Home 9 Issue 9 The Good, the Bad and the Oxford Comma by Zoe French

Zoe French, age 16

California

I wrote this piece as a response to the question, “What is an instance that shaped you as a reader?” I had been waiting to write this, so it was gratifying to see it on paper.

The Good, the Bad and the Oxford Comma

If I am being honest, I don’t remember how I learned to read. It must have been my ever-enthusiastic parents with their colorful children’s books. Or maybe a teacher with boundless energy. What I do remember is how reading became an unforgettable part of my identity.

My family are some of the most literate people I know. I grew up with words like “ecstatic,” “obfuscate” and “elucidate” as common, it seemed, as the air we breathed. The Oxford comma was as often a dinner-table discussion as was the never-ending torture of the question, “How was school?” This specific comma at the end of a list would later spark my incessant need to be a grammar freak. Letters, numbers and words stacked on top of each other to make an endless tower in my head, a dictionary that would be the base of knowledge for the rest of my life.

It is interesting, now that I think about it, to say that I can’t remember how something so important to me came to be. I can say, however, how I came to read so much. Just as a queen has her riches, I had my words. I had my own castle, my own small fortune, my own loyal subjects in the stories that I read. Books in our home were as common as lights on a wall. They were never-ending. And just how candy lures a child, I couldn’t resist trying them all. My room was a library, my backpack was a nook, my shelves a sea of words. And I stayed enamored in the world of words, greedily consuming page after page.

One book I will never forget is Lord of the Flies by William Golding. I mention this book not because it inspired me, but because it was devastating. I hated every second of reading that book. Every page was another tear shed for the goodness of humanity dying from the inky words written by the demented mind of a broken war veteran. Just as a good book can inspire a child to read for “happily ever after,” a bad book can break hearts until they have no sense of direction. Lord of the Flies was one of those books for me.

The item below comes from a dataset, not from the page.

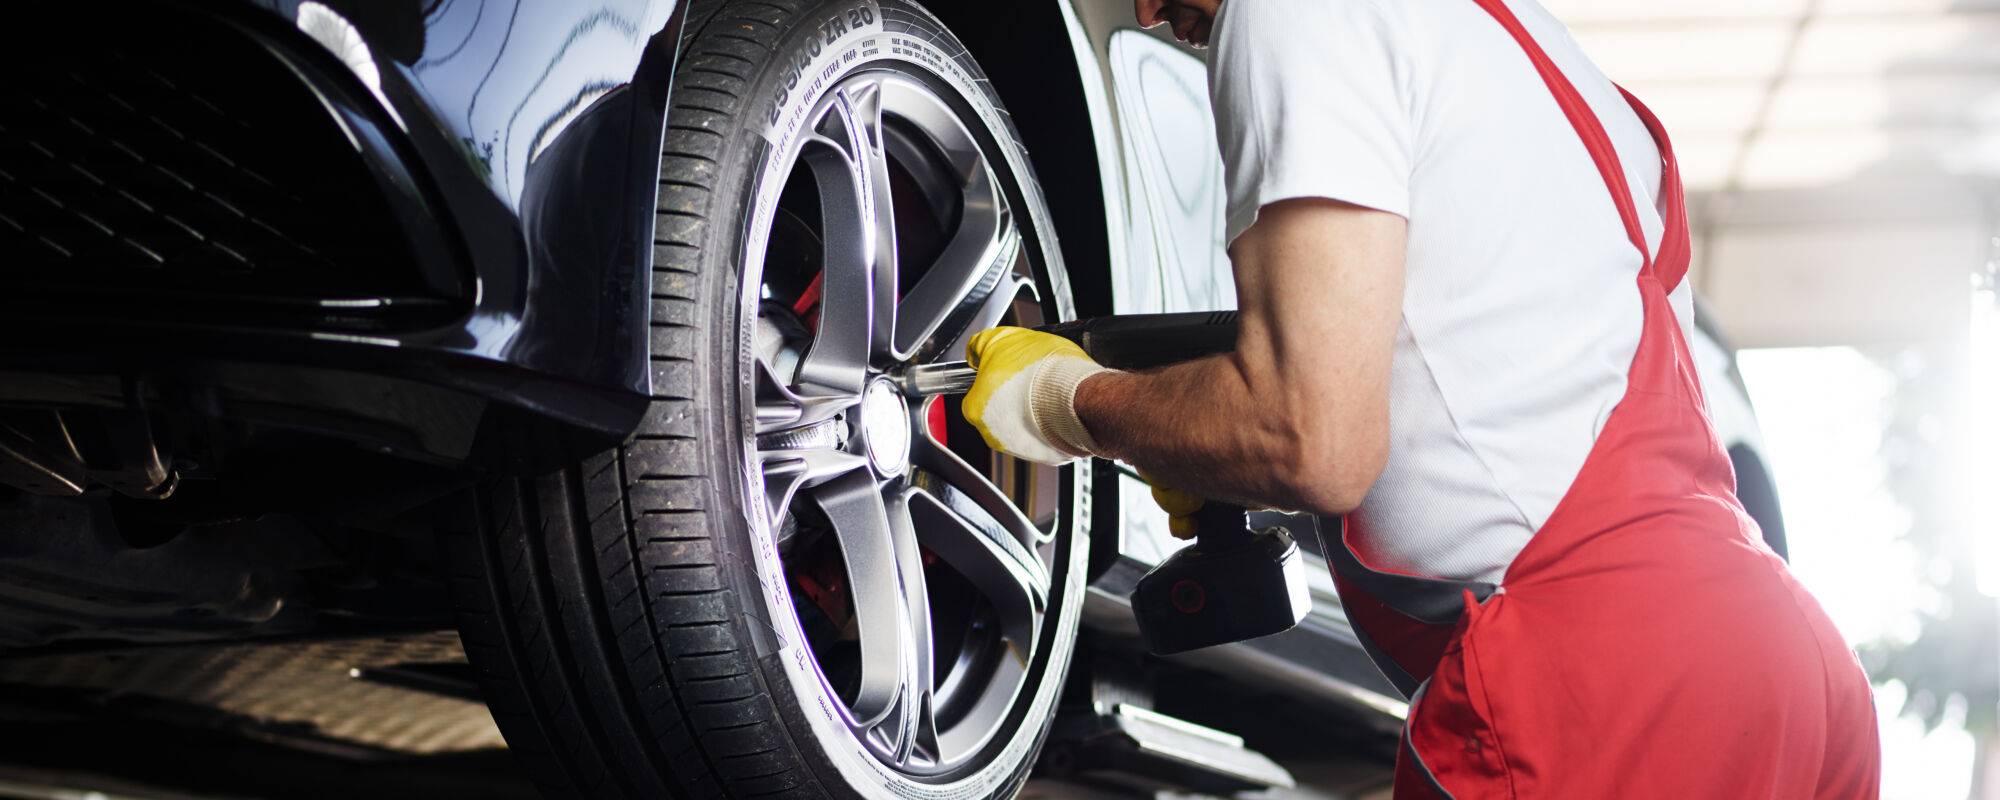 Entretien Moto : remplacement véhicule, réparation pièces, pneus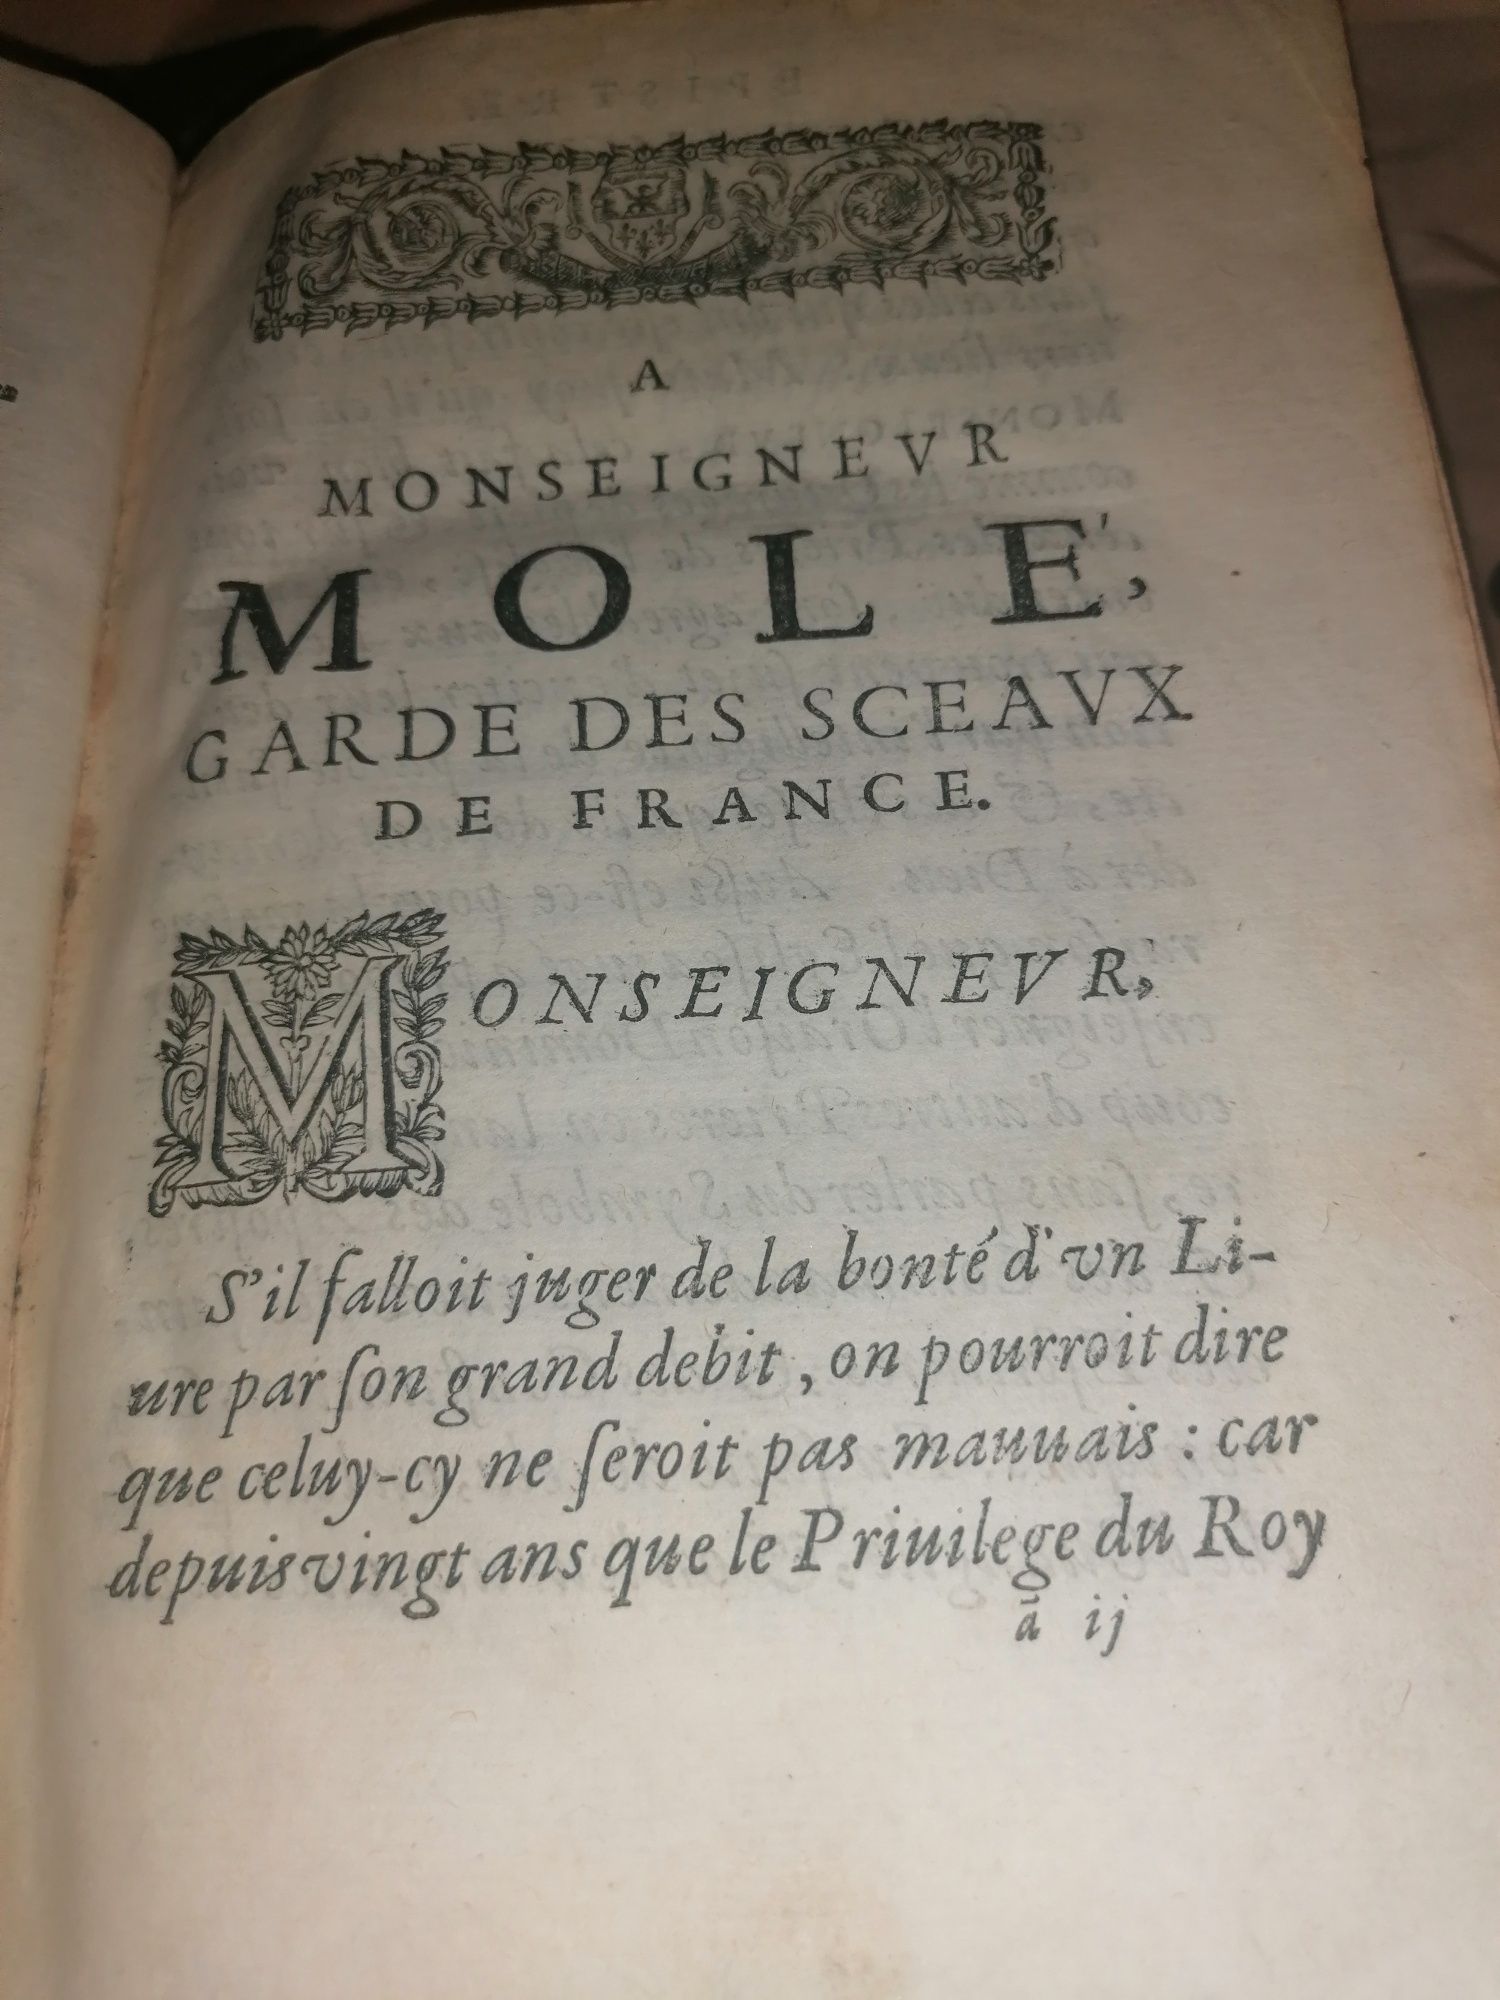 Vând o superba carte din 1673,scrisa în latina și franceza.

Just as my family loathed the Oxford comma, it seemed I had found my own nemesis. I hated how the story took away all the good in people, how these kids were left abandoned, and how the author made it seem that the only plausible response was death. But as horrible as the book is, and as much as I wish I could un-read the words on those pages, I am grateful for the new ideas it inspired. I believe all people are good inside. I believe that the world is held together by stronger bonds than crime and punishment. I believe the world runs on kindness and love. And I refuse to believe that all people are innately savages, kept at bay only by law and order. Even though it was the worst experience I have ever had with a book, I never stopped reading.

Maybe my love of reading started with a particular book. Maybe it started with many of them. Regardless, I can vividly remember which books made me cry (Walk Two Moons), which books made me scream (Jane Eyre) and which books I will never forget (Cinder). I love reading. The unbelievable torture of reading Lord of the Flies was not enough to break that love. And because I didn’t stop reading, more books continue to shape my values, my thoughts, my emotions and my will to persevere, regardless of what is thrown at me, even the Oxford comma. Although I may not remember how I learned to read, I will never forget the impact it has had on me.